Concern that faithless electors can disrupt presidential elections remains—and may have impacted the Court’s decisions in Chiafalo and Baca. During oral arguments, Justice Kavanaugh appeared to fear that unbound electors would create chaos by possibly deciding elections against the will of the people. So how do we best avoid the “chaos” that the Court feared? The amalgamation of State laws, even when sanctioned by the Supreme Court, do not provide complete protection from volatility in presidential elections. Eighteen states still have no requirement binding electors to their state’s popular vote. A majority of states still count faithless votes. And there is no uniform “faithless elector” statute across the states. “Chaos” can still reign. The only way to truly rid our country of uncertainty over the discretion of electors is to abolish the role of electors. Voters’ choice for president does not need to be sanctioned by a group of gatekeeping political party members.
A constitutional amendment to rid our country of this anachronistic and ceremonial role will quell fears that unbound electors are a recipe for turmoil. Also, the eradication of the office of presidential elector is not partisan; candidates of both parties are equally vulnerable to losing faithless electors’ votes. An amendment will stabilize our presidential elections and prevent an undemocratic body from potentially overriding the will of millions of voters. If all of the States that already restrict elector discretion approved the amendment, only two more states would need to ratify it. These states are represented by 267 members of the House of Representatives and 64 senators—close to the two-thirds majority required to pass an amendment.

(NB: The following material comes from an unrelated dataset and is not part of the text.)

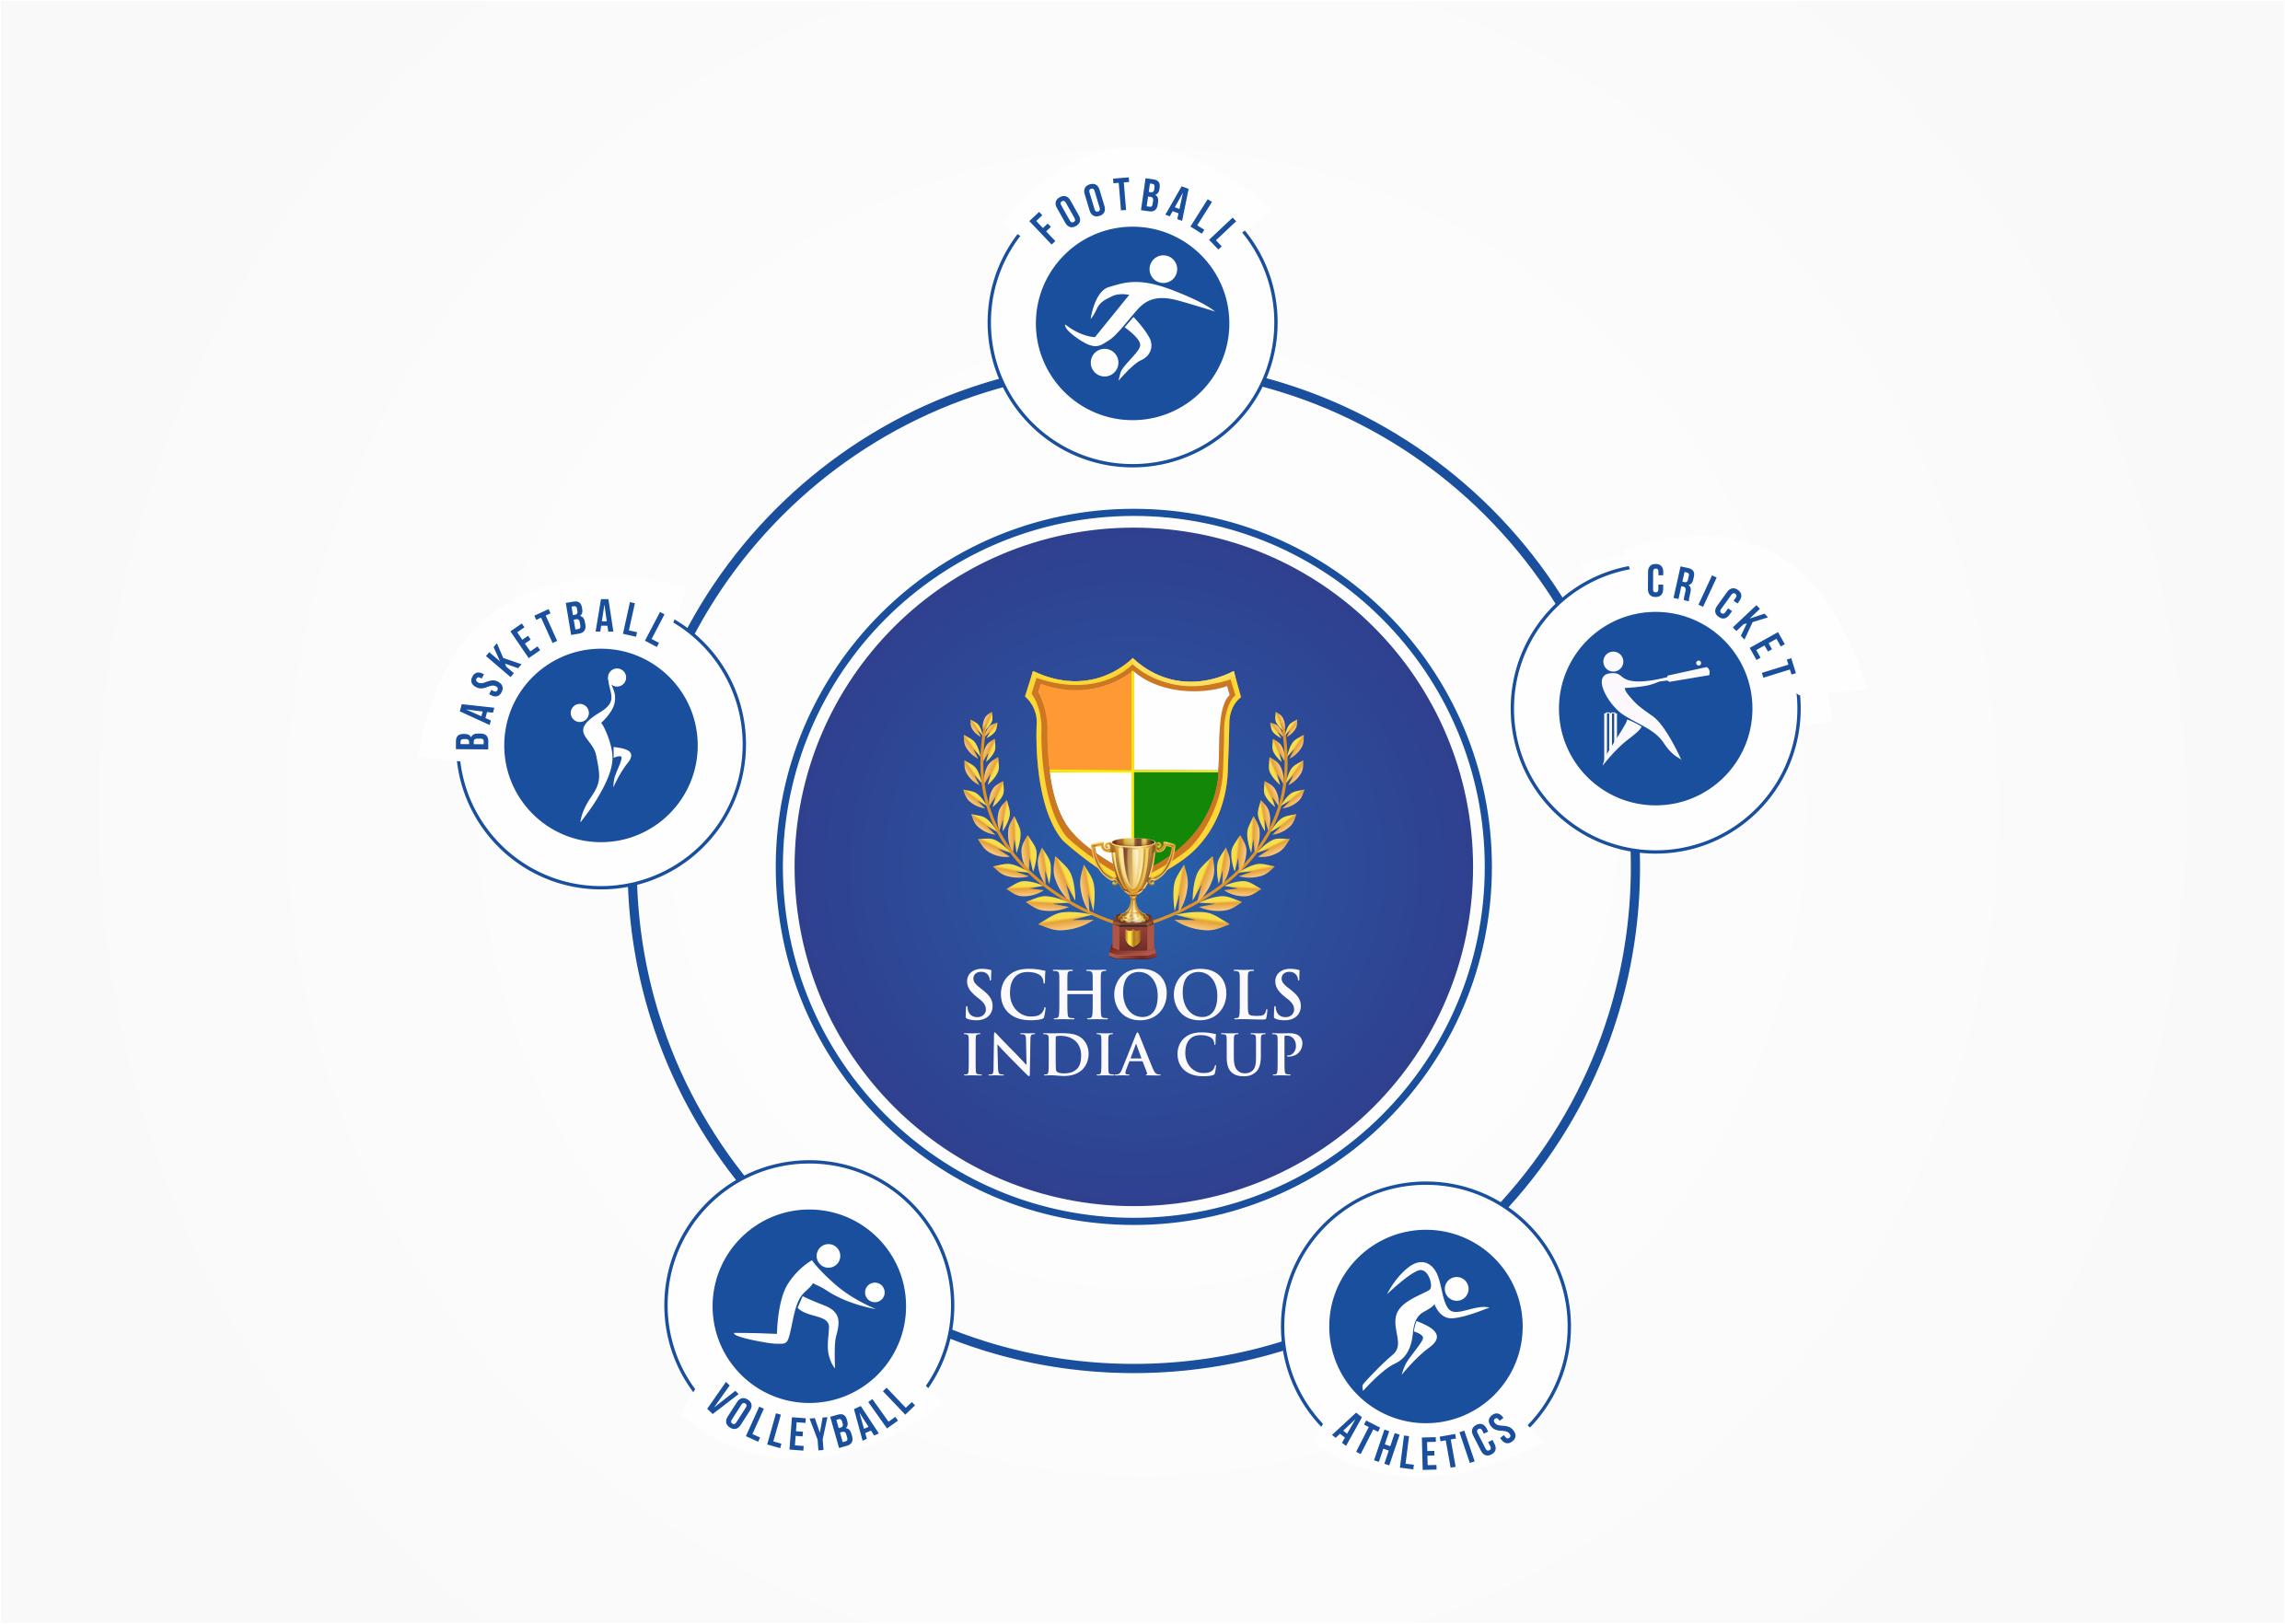 Schools India Cup

This amendment must consider the concerns of those who advocate for allowing unbound electors. These advocates’ main concern relates to what would happen if a candidate died after the general election, but prior to the Electoral College vote. These scholars argue that electors are crucial in this scenario because they could use their discretion to select a qualified replacement candidate. An amendment abolishing electors must incorporate presidential succession guidelines mirroring those in the Twenty-Fifth Amendment. If a presidential candidate dies before the Electoral College meets, the electoral votes should be allocated to the deceased candidate’s vice-presidential running mate. Congress should also provide for a scenario where the vice-president elect also dies or there is no clear vice-president for the incoming administration.
In the meantime, states should adopt a uniform statute that removes and replaces nonconforming electors with alternates who will vote according to each state’s respective popular vote. The law should contain exceptions for scenarios like the ones described above. The adoption of a uniform statute will avoid uncertainty in contentious presidential elections until an amendment is passed. Nevertheless, an amendment is the only way to ensure that the will of the people is carried out.